Alves Vinicius M, Capuzzi Stephen J, Muratov Eugene, Braga Rodolpho C, Thornton Thomas, Fourches Denis, Strickland Judy, Kleinstreuer Nicole, Andrade Carolina H, Tropsha Alexander
Laboratory for Molecular Modeling, Division of Chemical Biology and Medicinal Chemistry, UNC Eshelman School of Pharmacy, University of North Carolina, Chapel Hill, NC, 27599, USA.
Laboratory for Molecular Modeling and Design, Faculty of Pharmacy, Federal University of Goias, Goiania, GO, 74605-170, Brazil.
Green Chem. 2016 Dec 21;18(24):6501-6515. doi: 10.1039/C6GC01836J. Epub 2016 Oct 6.
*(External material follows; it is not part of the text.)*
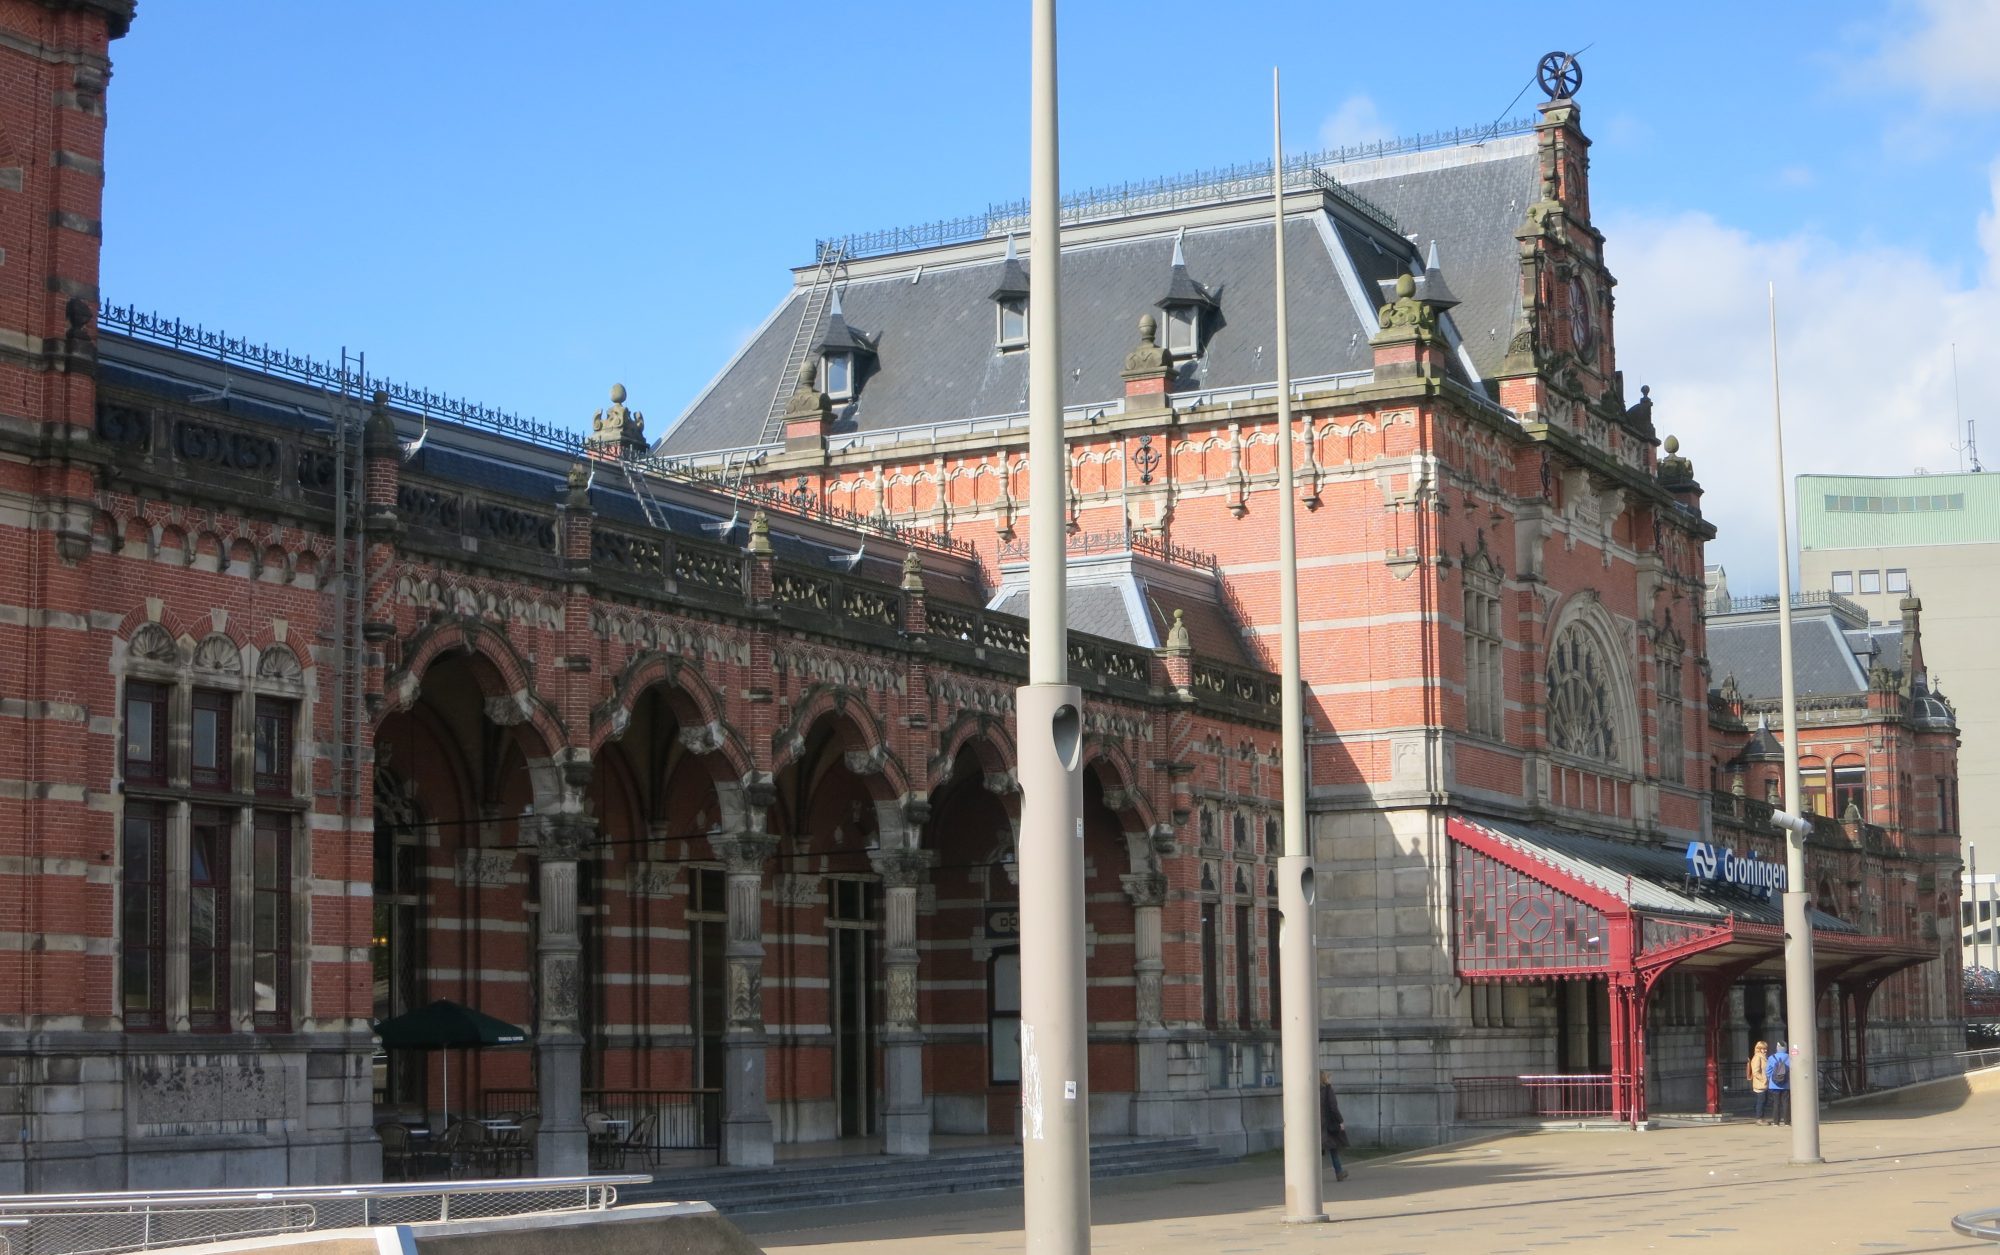 Groningen central train station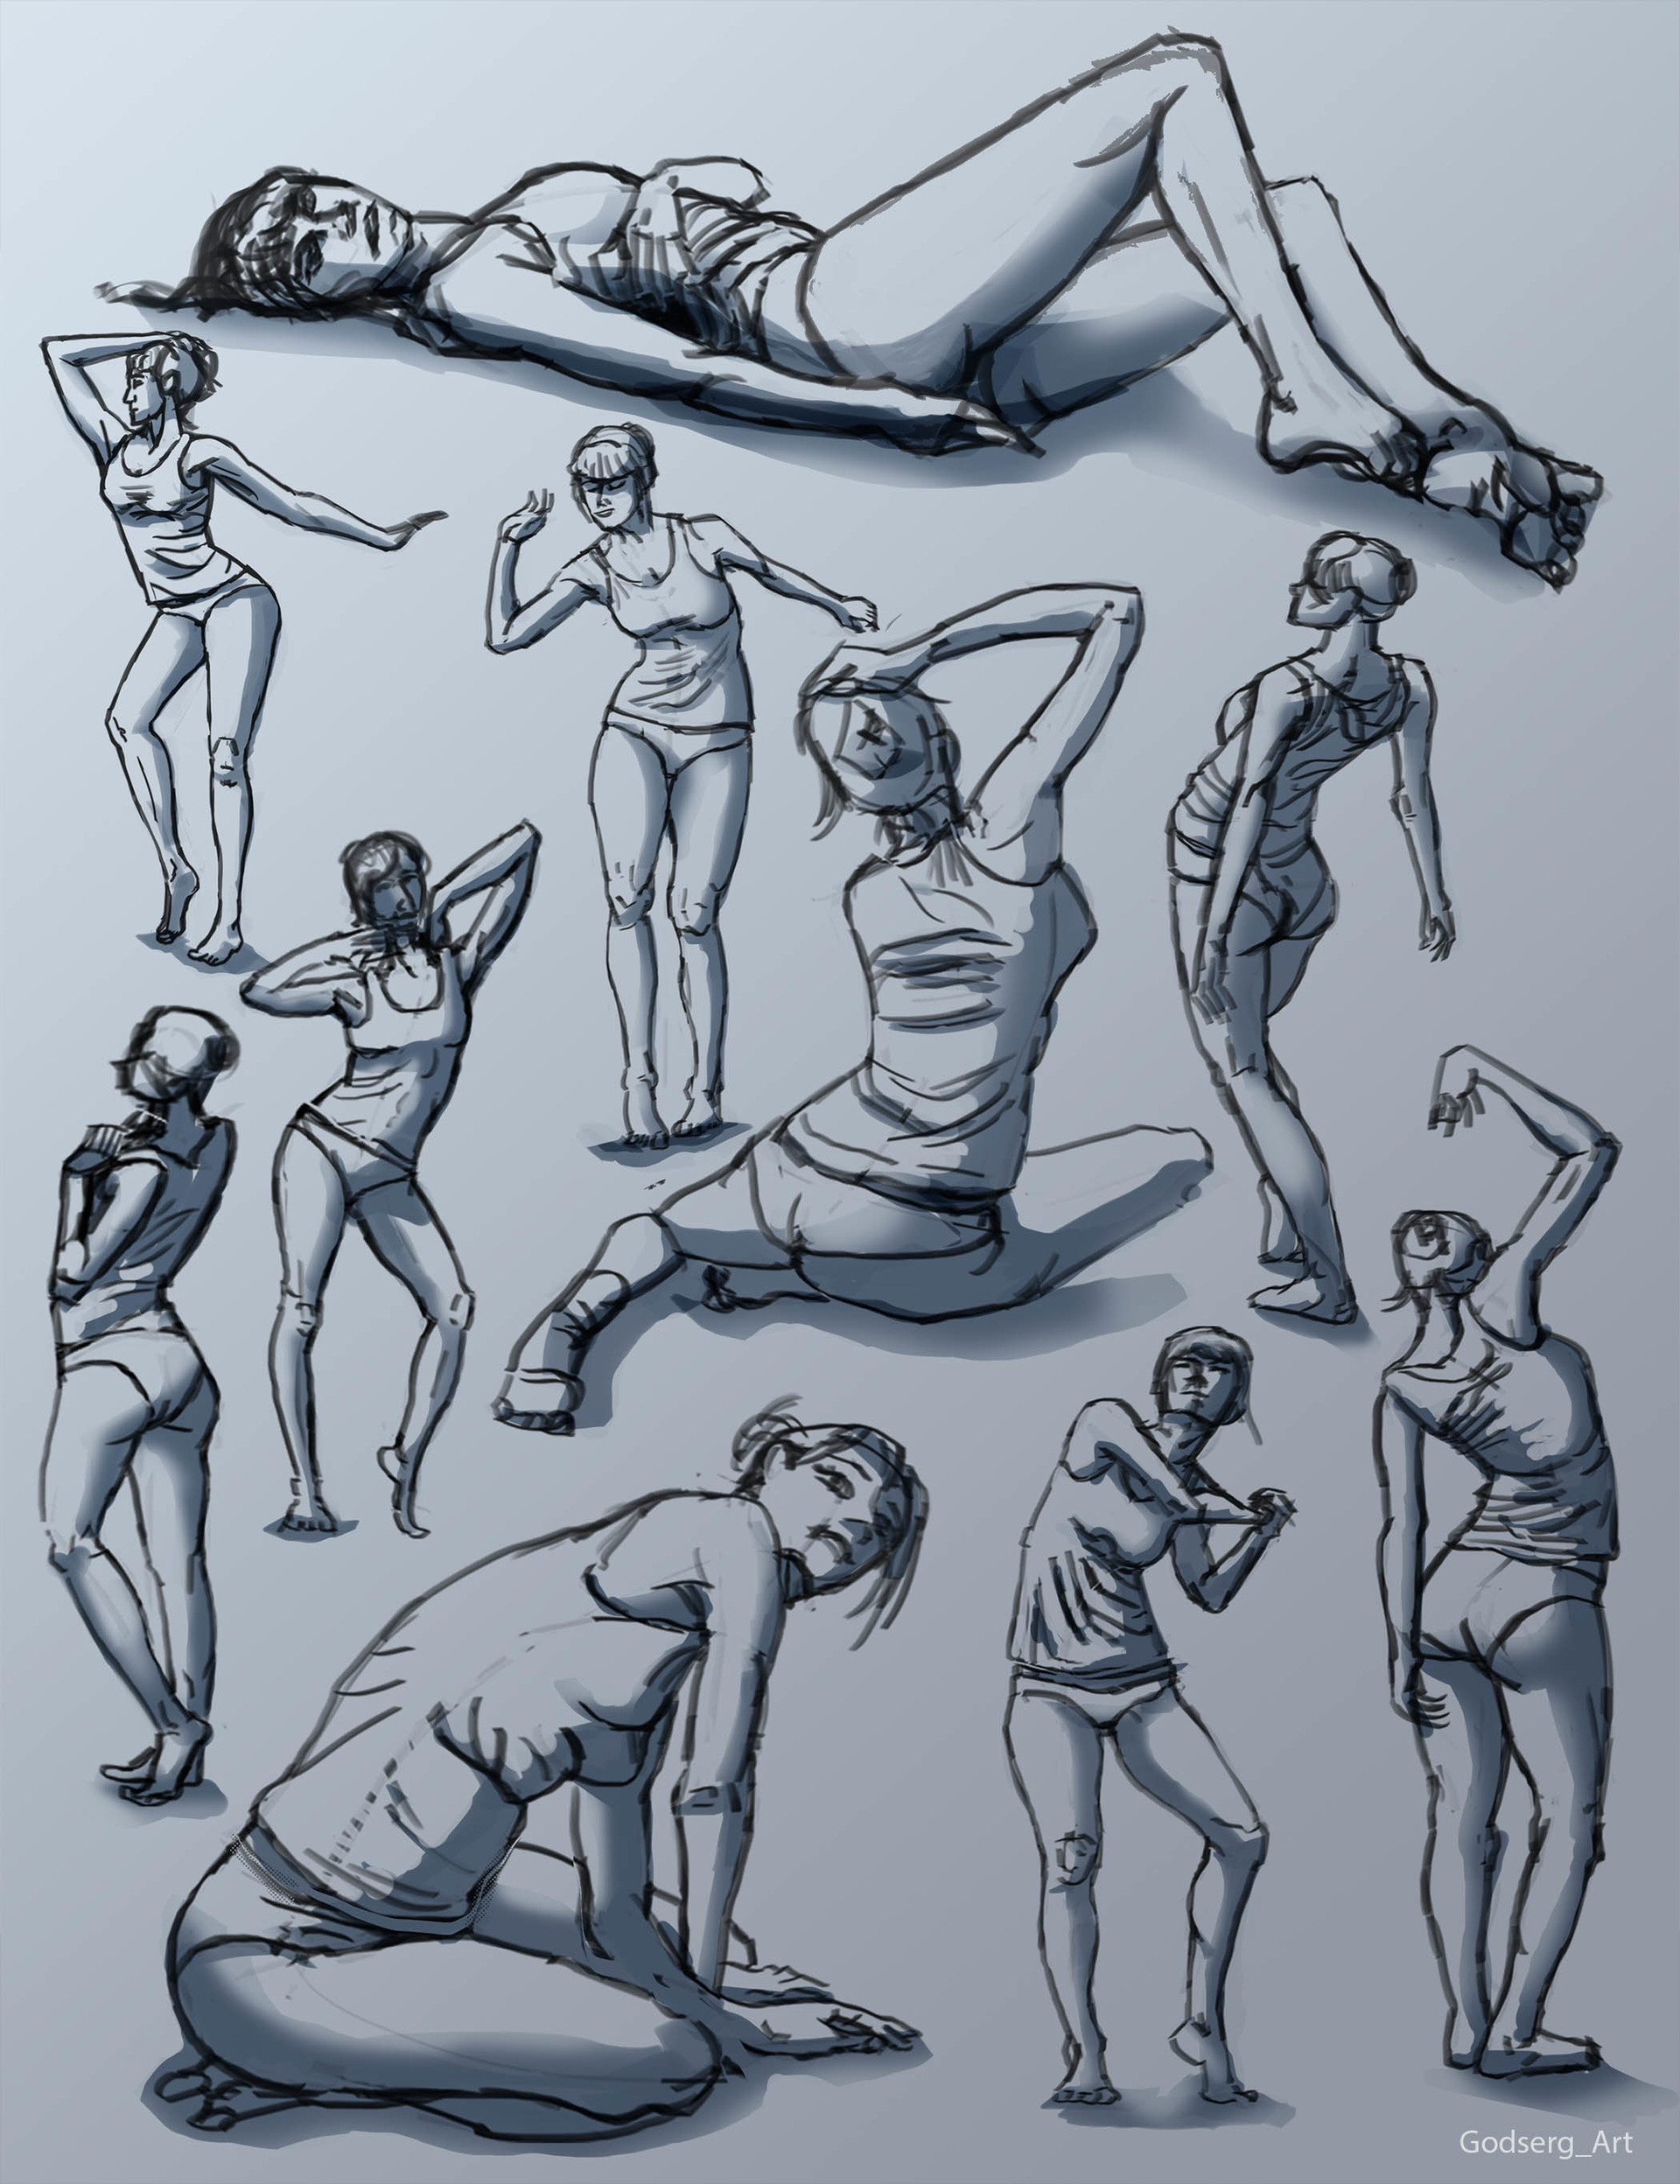 Godserg _art - Female figure sketches

Skin sensitization is a major environmental and occupational health hazard. Although many chemicals have been evaluated in humans, there have been no efforts to model these data to date. We have compiled, curated, analyzed, and compared the available human and LLNA data. Using these data, we have developed reliable computational models and applied them for virtual screening of chemical libraries to identify putative skin sensitizers. The overall concordance between murine LLNA and human skin sensitization responses for a set of 135 unique chemicals was low (R = 28-43%), although several chemical classes had high concordance. We have succeeded to develop predictive QSAR models of all available human data with the external correct classification rate of 71%. A consensus model integrating concordant QSAR predictions and LLNA results afforded a higher CCR of 82% but at the expense of the reduced external dataset coverage (52%). We used the developed QSAR models for virtual screening of CosIng database and identified 1061 putative skin sensitizers; for seventeen of these compounds, we found published evidence of their skin sensitization effects. Models reported herein provide more accurate alternative to LLNA testing for human skin sensitization assessment across diverse chemical data. In addition, they can also be used to guide the structural optimization of toxic compounds to reduce their skin sensitization potential.
皮肤致敏是一种主要的环境和职业健康危害。尽管已经对许多化学物质进行了人体评估,但迄今为止尚未对这些数据进行建模。我们收集、整理、分析并比较了现有的人体和LLNA数据。利用这些数据,我们开发了可靠的计算模型,并将其应用于化学文库的虚拟筛选,以识别潜在的皮肤致敏剂。对于一组135种独特的化学物质,小鼠LLNA与人体皮肤致敏反应之间的总体一致性较低(R = 28-43%),尽管有几类化学物质具有较高的一致性。我们成功地开发了所有可用人体数据的预测性QSAR模型,外部正确分类率为71%。一个整合了一致的QSAR预测和LLNA结果的共识模型提供了更高的CCR,为82%,但代价是外部数据集覆盖范围缩小(52%)。我们使用开发的QSAR模型对CosIng数据库进行虚拟筛选,识别出1061种潜在的皮肤致敏剂;对于其中17种化合物,我们发现了已发表的关于其皮肤致敏作用的证据。本文报道的模型为跨多种化学数据的人体皮肤致敏评估提供了比LLNA测试更准确的替代方法。此外,它们还可用于指导有毒化合物的结构优化,以降低其皮肤致敏潜力。